SWAT Teams Avoid Transparency by Registering as Private Corporations
Federal funding, along with giveaways of surplus equipment from the Iraq and Afghanistan wars, have caused local police departments to become more militarized. Nowhere is this clearer than in the overuse of Special Weapons and Tactics (SWAT) teams by law enforcement in day-to-day policing. Now, some agencies are trying to make SWAT operations more opaque by registering them as private corporations.
In Massachusetts, many SWAT teams are run by law enforcement councils (LEC). These groups get their funding from police agencies in their region and are run by a board of directors that’s usually composed of chiefs from participating departments. But although they’re funded by tax dollars, and their personnel are members of public law-enforcement agencies, some of these LECs hide behind corporate identities when public records requests are made.
Those LECs have incorporated under the 501(c)(3) section of the tax code and claim that they’re exempt from public records requests, according to Radley Balko of The Washington Post. The status of these SWAT teams, which number about 240 of the state’s 351 such groups, came to light when the American Civil Liberties Union (ACLU) attempted to obtain public records for a report about the militarization of American police agencies. The LECs simply refused to deal with the requests, saying they weren’t obligated to provide records.
The ACLU has responded by filing suit against one LEC, the North Eastern Massachusetts Law Enforcement Council (NEMLEC). “NEMLEC can’t have it both ways,” ACLU of Massachusetts staff attorney Jessie Rossman said in a statement. “Either it is a public entity subject to public records laws, or what it is doing is illegal.”
But keeping records out of the public eye is a good way for LECs to deal with incidents such as one in which Eurie Stamp, a 68-year-old grandfather of 12, was shot and killed by a SWAT team that came to a Framingham, Massachusetts, house to arrest his girlfriend’s son. The suspect was arrested outside the house, but police stormed in anyway, and Stamp died after an officer’s gun went off.
The ACLU study showed that SWAT teams are twice as likely to enter a home during a drug sweep as they are for other deployments. In addition, half of all SWAT deployments come against black or Latino subjects. Only 20% come against white subjects; the race of the remainder of the subjects is unknown.

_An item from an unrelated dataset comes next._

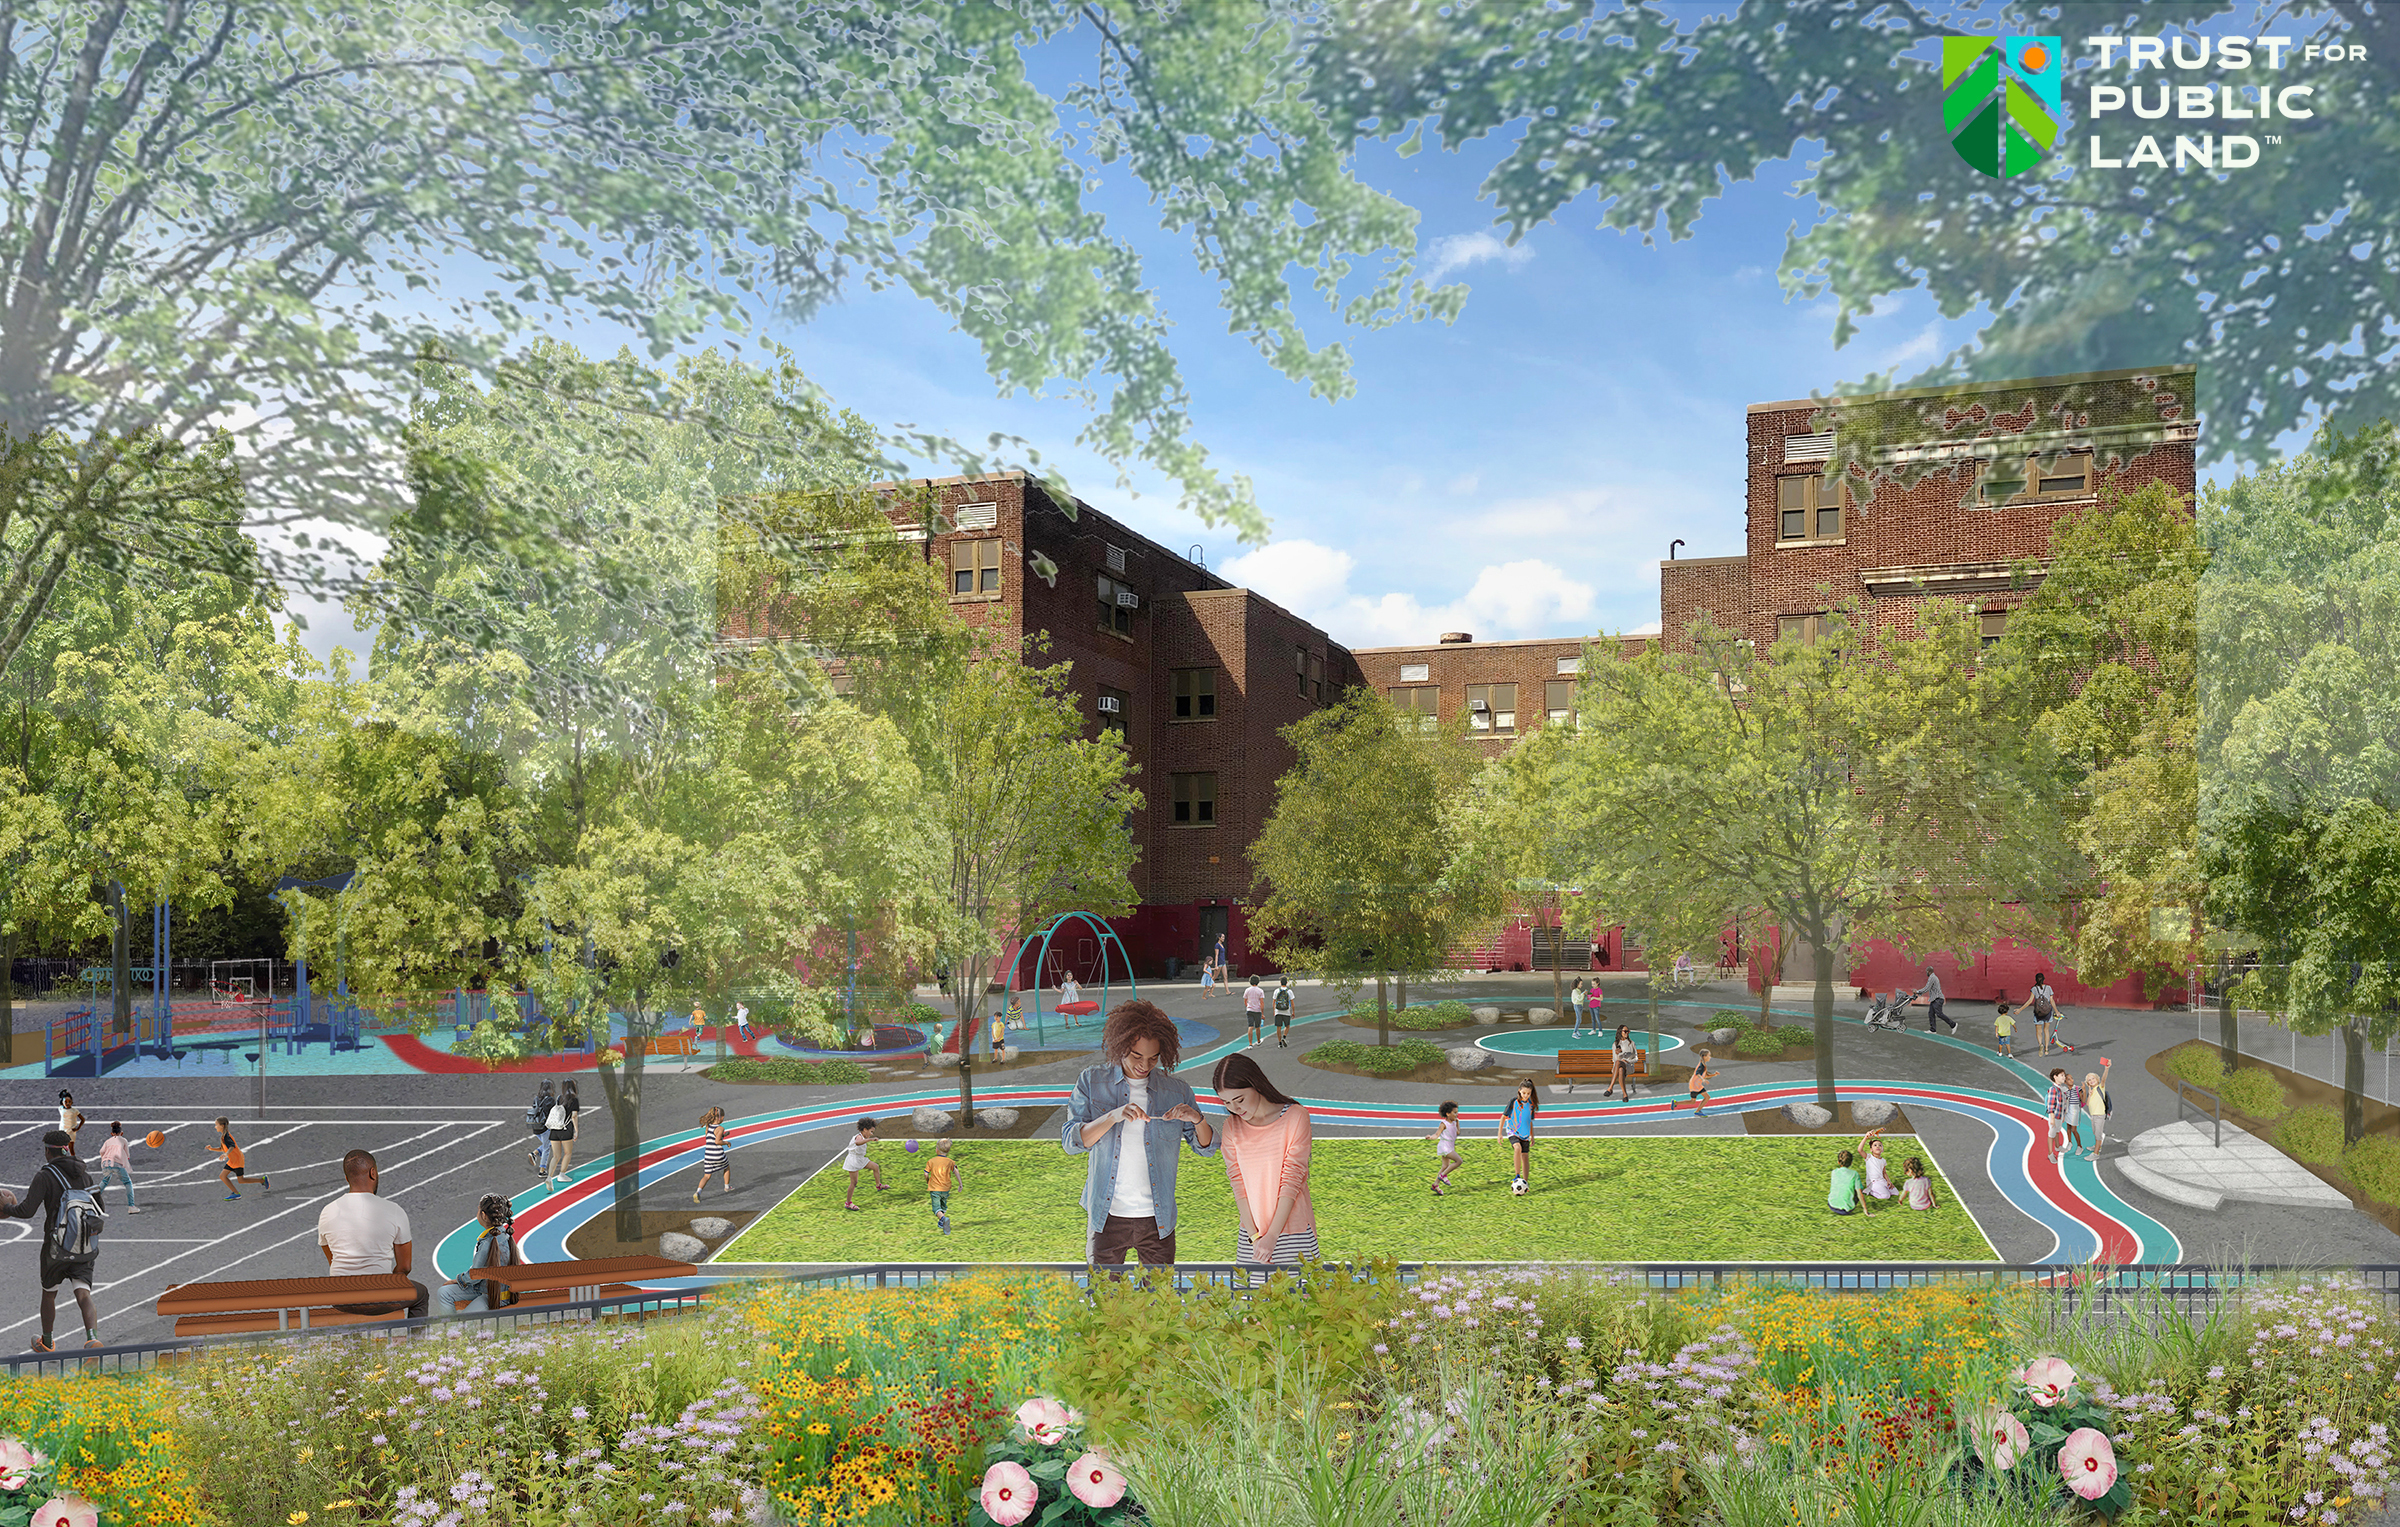 an illustration of the planned improvments to the Bregy Elementary schoolyard shows the building in the background nearly obscured by trees, a rain garden filled with native flowers in the foreground, and space between filled with children enjoying permeable basketball courts, playgrounds, and pathways, and a large grassy area.

Another salient point from the ACLU report was the increasing use of military-style equipment by SWAT teams. Many teams, even those connected with small cities, are obtaining from federal surplus or purchasing items such as assault rifles, battle dress uniforms and even armored personnel carriers, such as the one used by Ohio State University to monitor football game day activities.
To Learn More:
Massachusetts SWAT Teams Claim They’re Private Corporations, Immune From Open Records Laws (by Radley Balko, Washington Post)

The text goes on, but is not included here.